I guess you wouldn’t expect that a transit authority would have paid any attention to the Ciscogate fiasco from a few years ago. That presentation never got out either, did it? All that taxpayer money the MBTA spent on ridiculous lawsuits and restraining orders could have been put toward fixing the security flaws. What a concept.

By now, you probably know that details of the DNS vulnerability have leaked. Halvar Flake speculated on DailyDave and the momentum built from there, despite the fact that his guess was short on a few key details. I don’t need to rehash the full technical details here; by now, they are easy enough to find with a couple Google searches. When Slashdot picks up the story, it’s hardly a secret any more.

What’s more interesting to me, now that I’ve digested the big secret, is how this whole situation has played out in the security community.

The security community has been polarized for the past two weeks, not so much over the technical details being withheld, but about Dan’s plea that people not speculate about the vulnerability. As many pointed out, the “bad guys” won’t stop trying to figure it out just because the “good guys” keep quiet. To be honest, my own lack of public speculation wasn’t because I agreed with the philosophy; I just wasn’t smart enough to figure out the vulnerability myself.

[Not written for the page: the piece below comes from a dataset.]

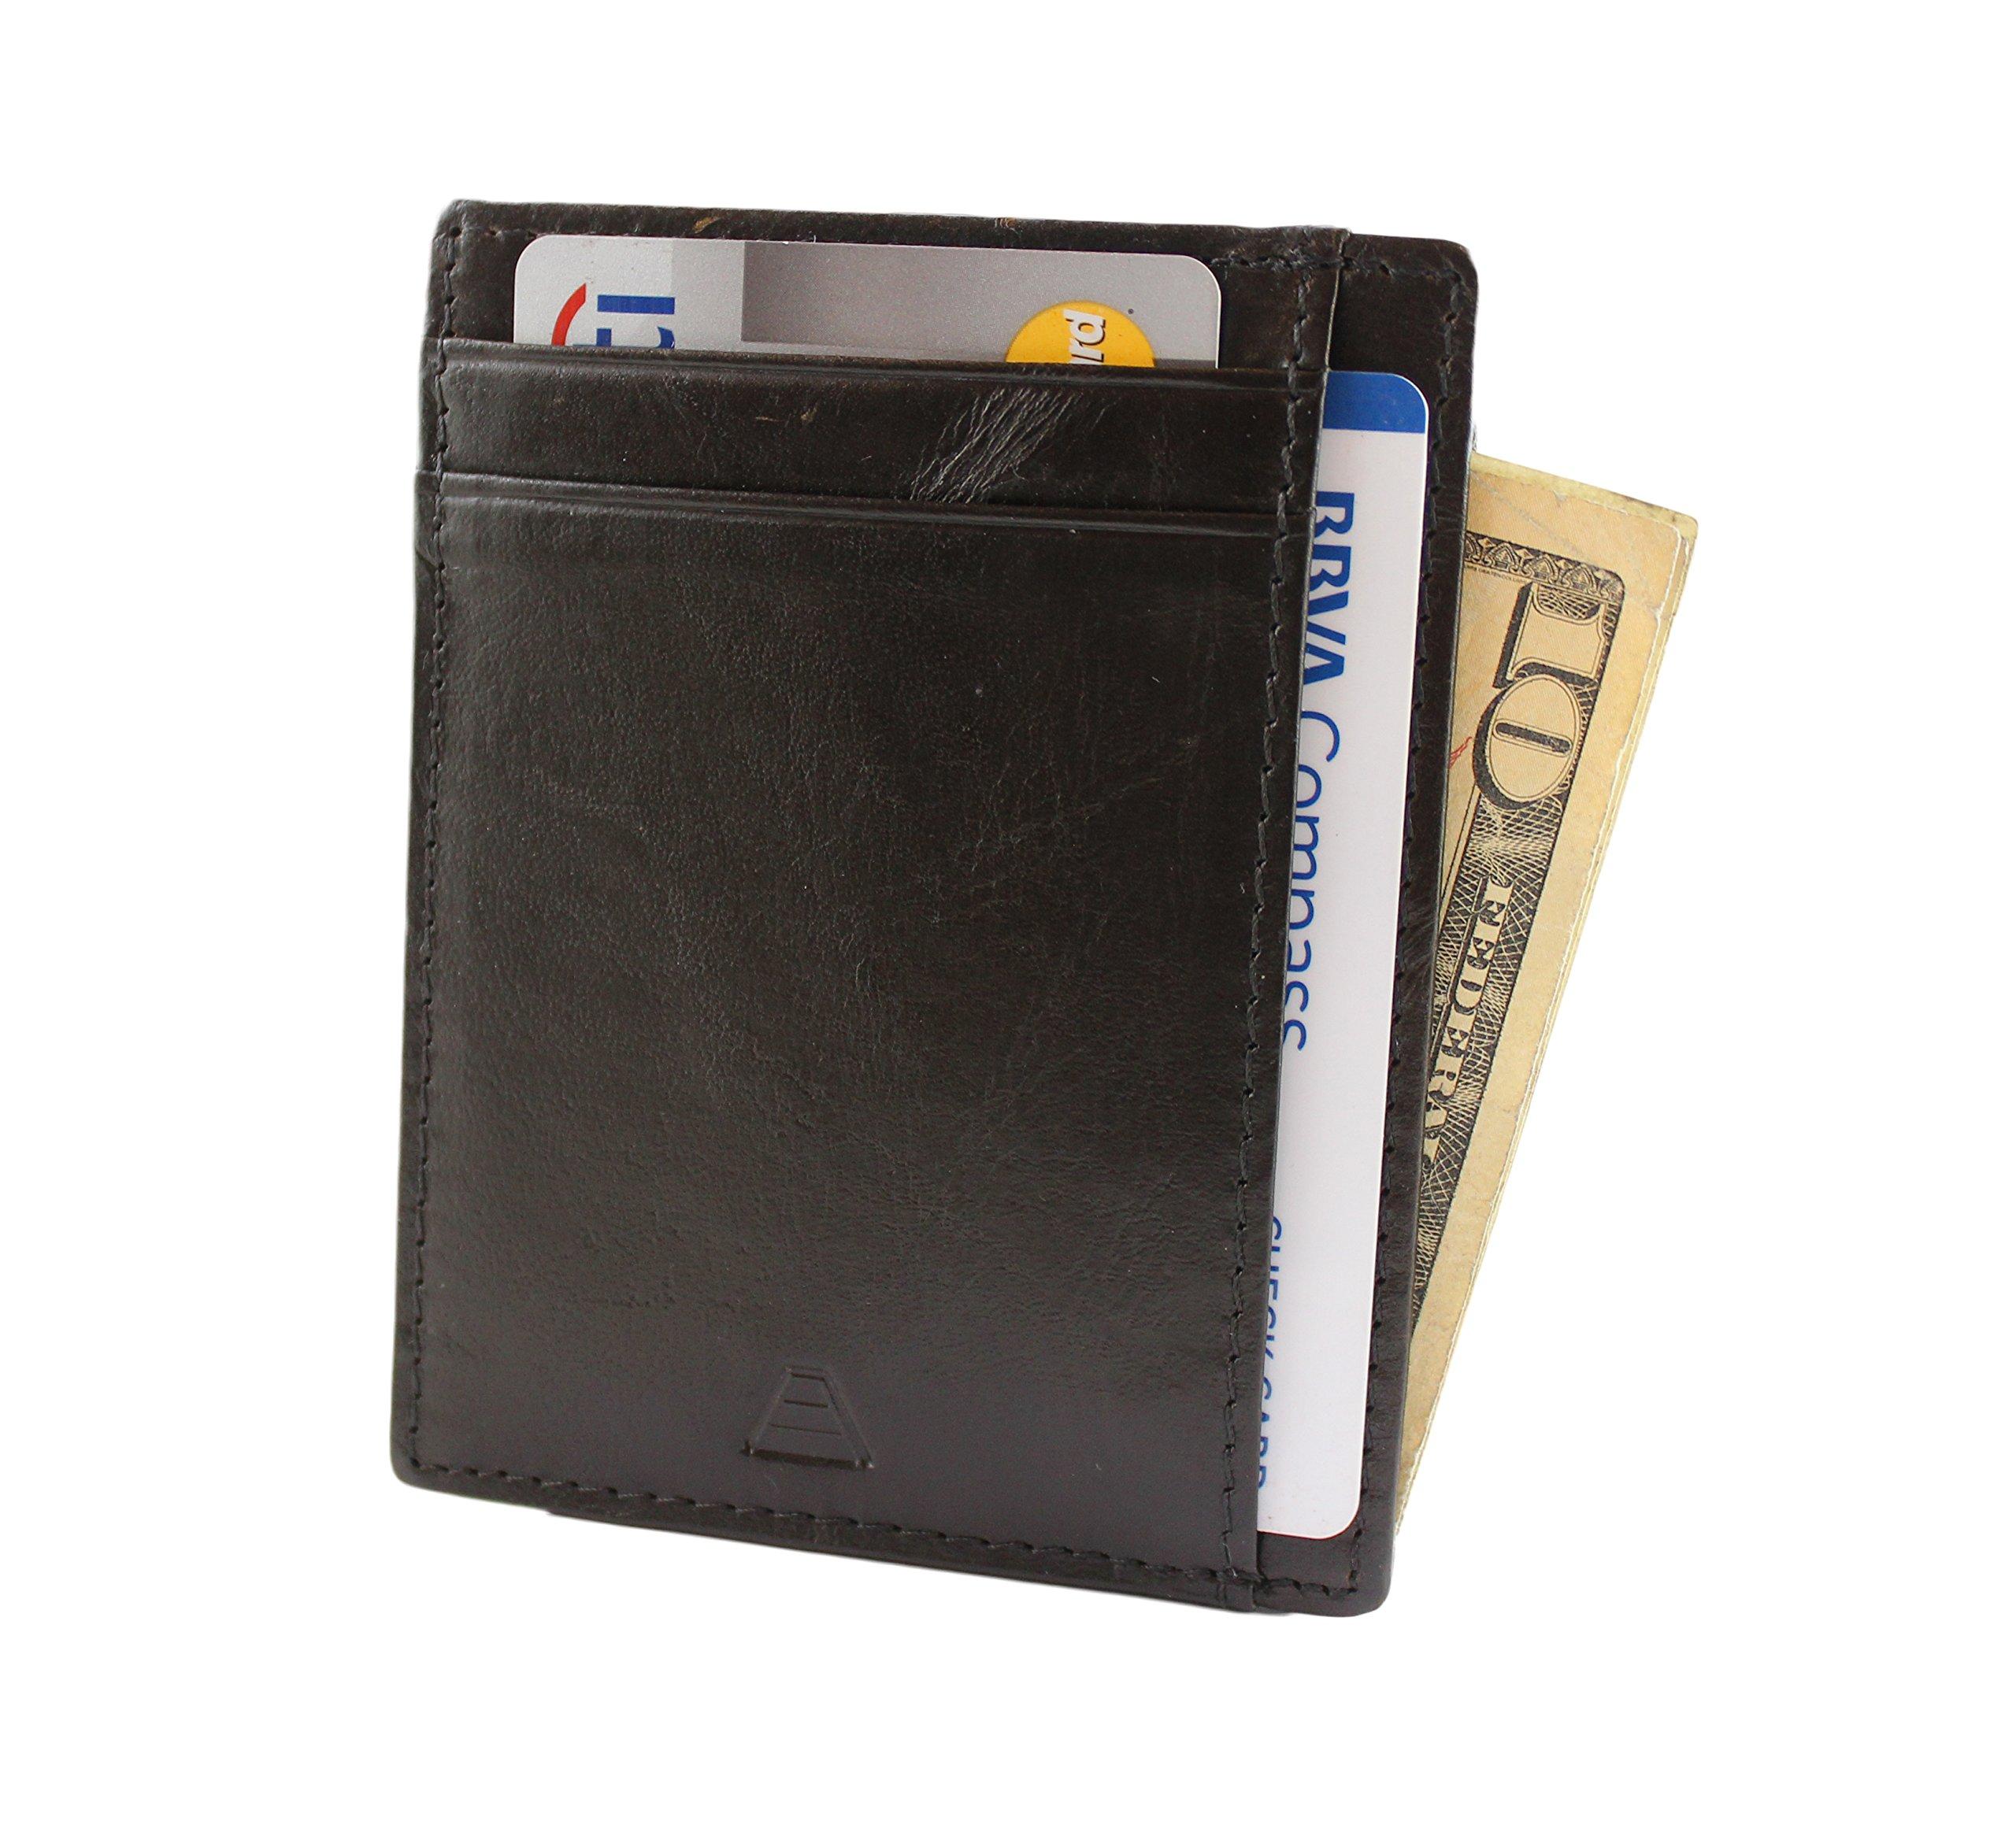 Andar RFID Minimalist Front Pocket Wallet - Made of Classy Full Grain Leather (Black)
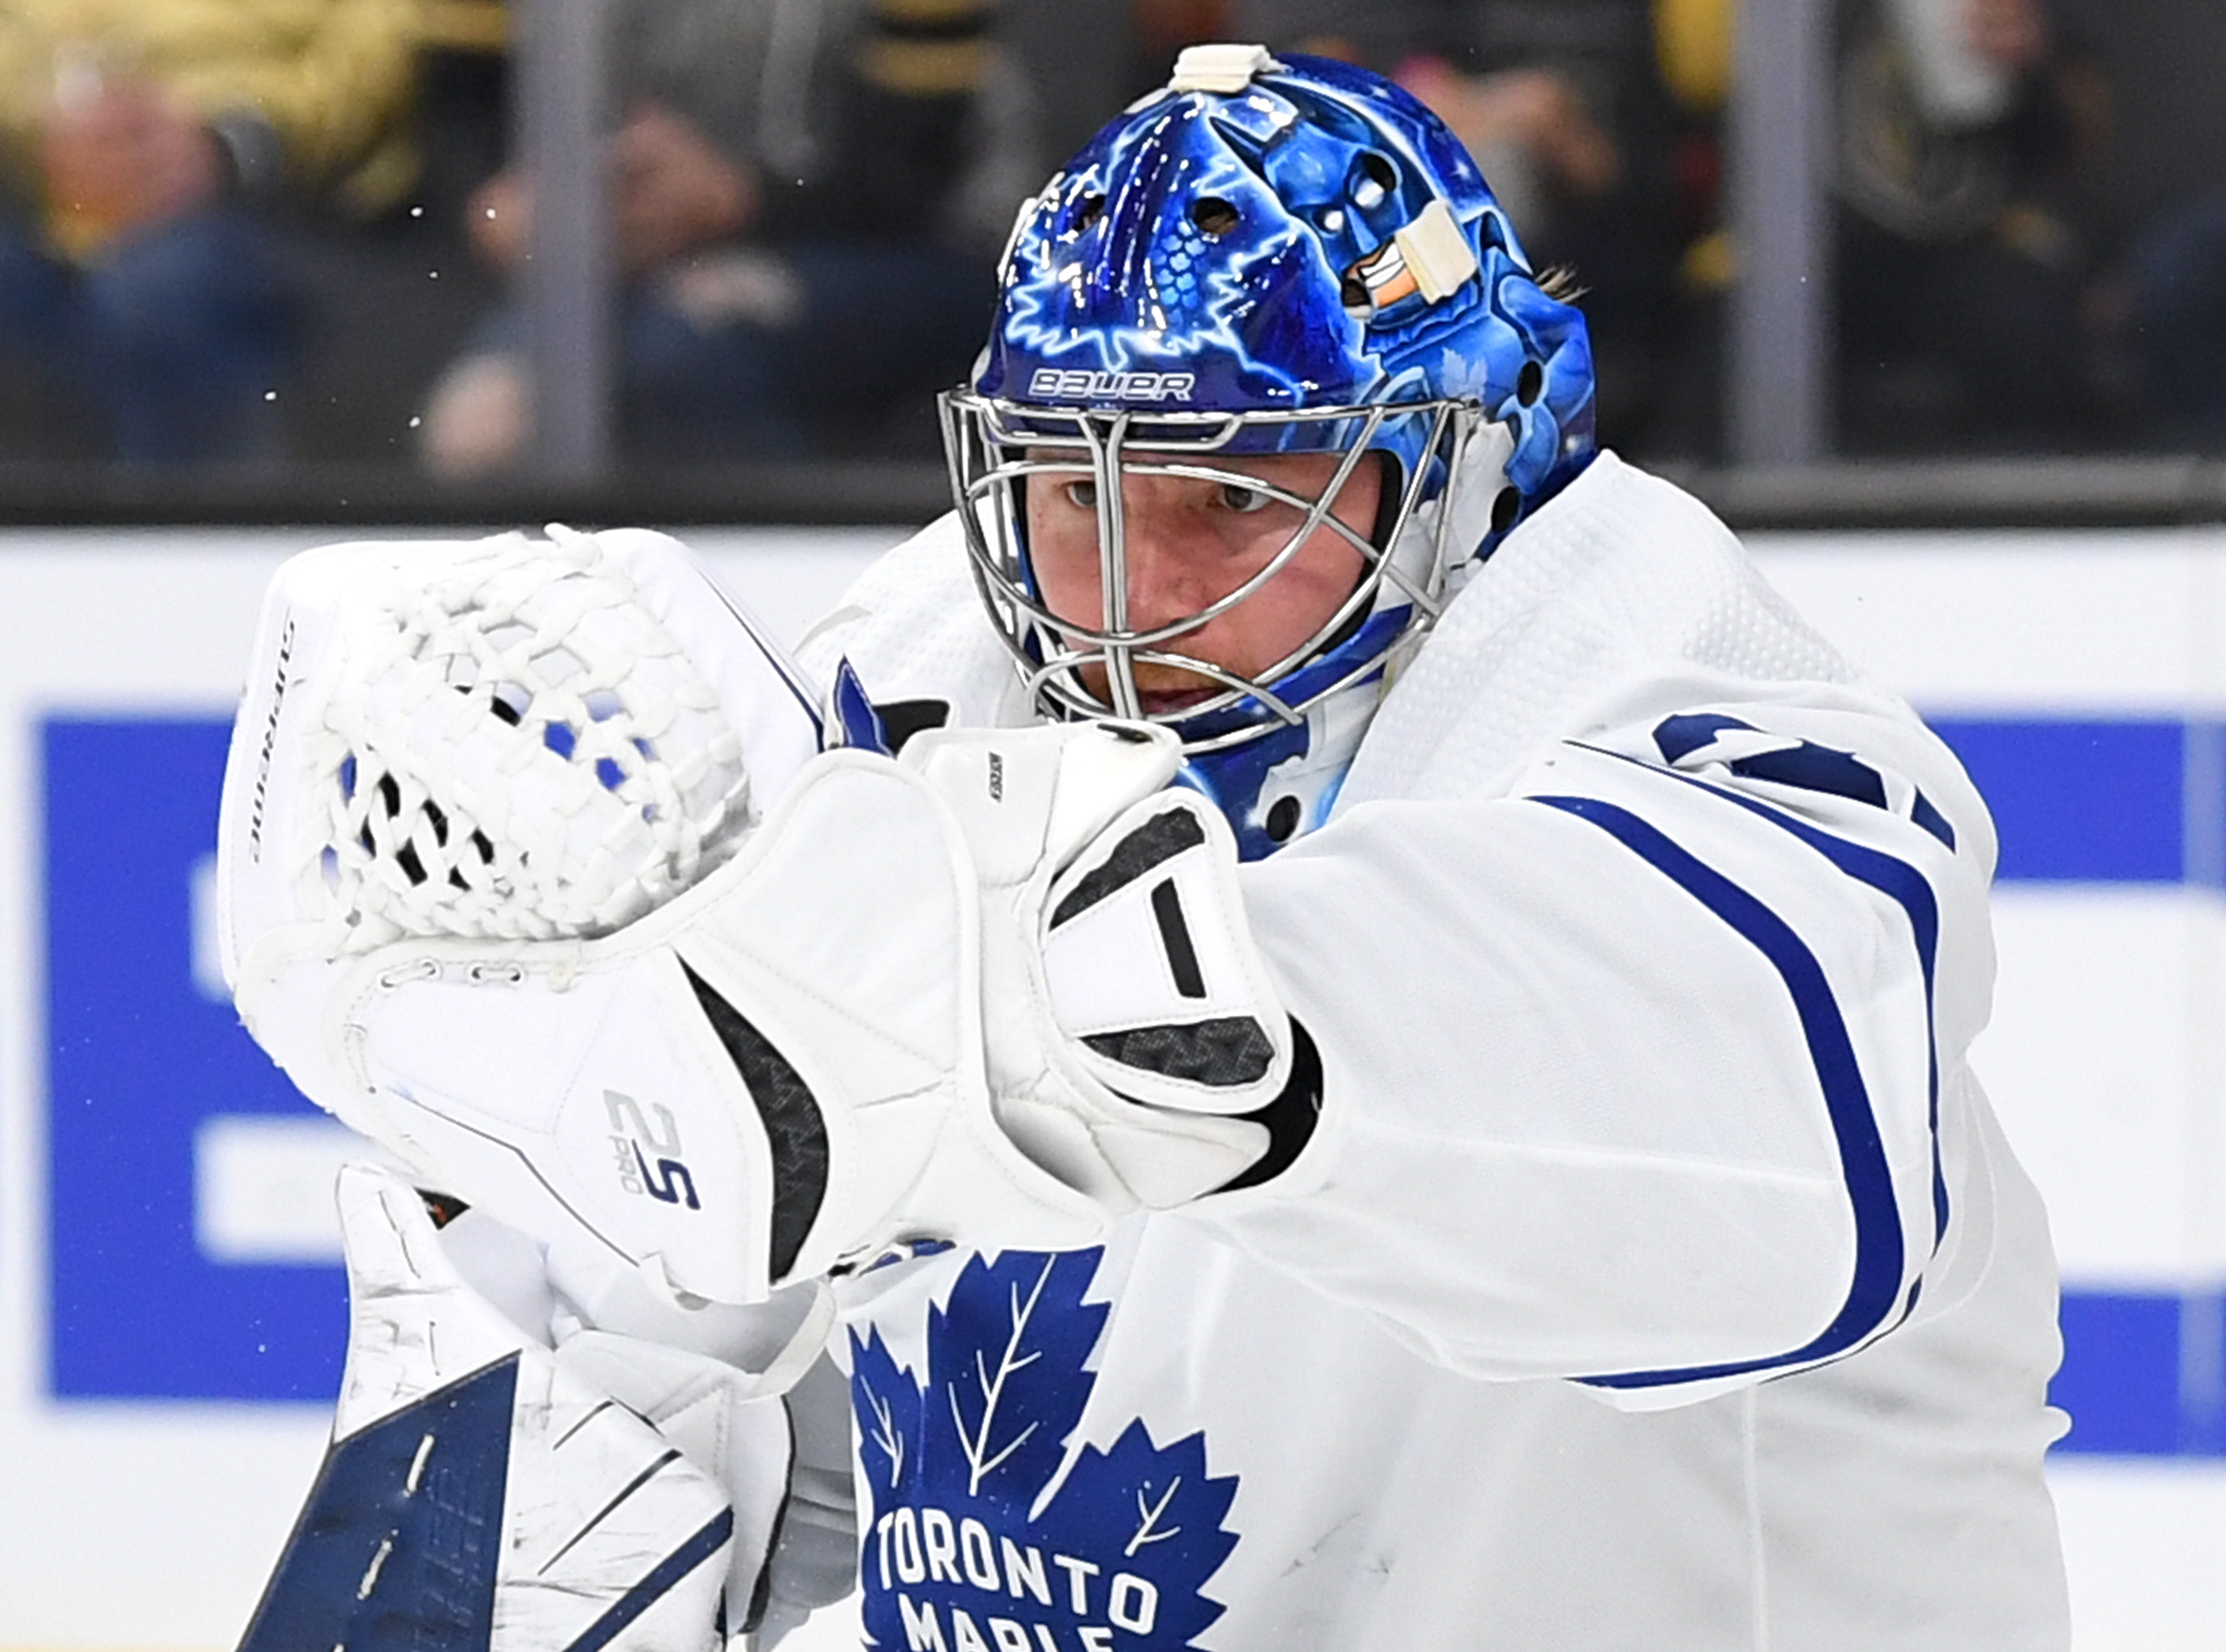 Maple Leafs goaltender Frederik Andersen records 17th career shutout

People implied — or stated outright — that Dan just didn’t want anyone stealing his thunder. Considering the timing of the release and the subsequent BlackHat talk, it’s obvious why such accusations were made. Personally, I think it’s a little of each. I believe the coordinated patch effort was undertaken with the best of intentions, but I also think Dan relished some of the glory and media attention as well. It’s hard to blame him for that; if you were in his shoes, wouldn’t you want some recognition too?

By many accounts, dealing with the DNS vulnerability from the operational side has been an exercise in frustration. Plenty of IT people wanted to patch but couldn’t get approval without being able to justify the operational risk. “Because Dan said so” is apparently not a convincing enough argument. Some wondered why the people who were responsible for creating the problem should be blindly trusted to implement an appropriate fix?

Ultimately, vulnerability disclosure is a minefield. No matter how you choose to disclose, somebody will always disagree.

P.S. If you didn’t figure out the title of the post by now, Nate was one of the unlucky few to draw the same timeslot at BlackHat as Dan Kaminsky.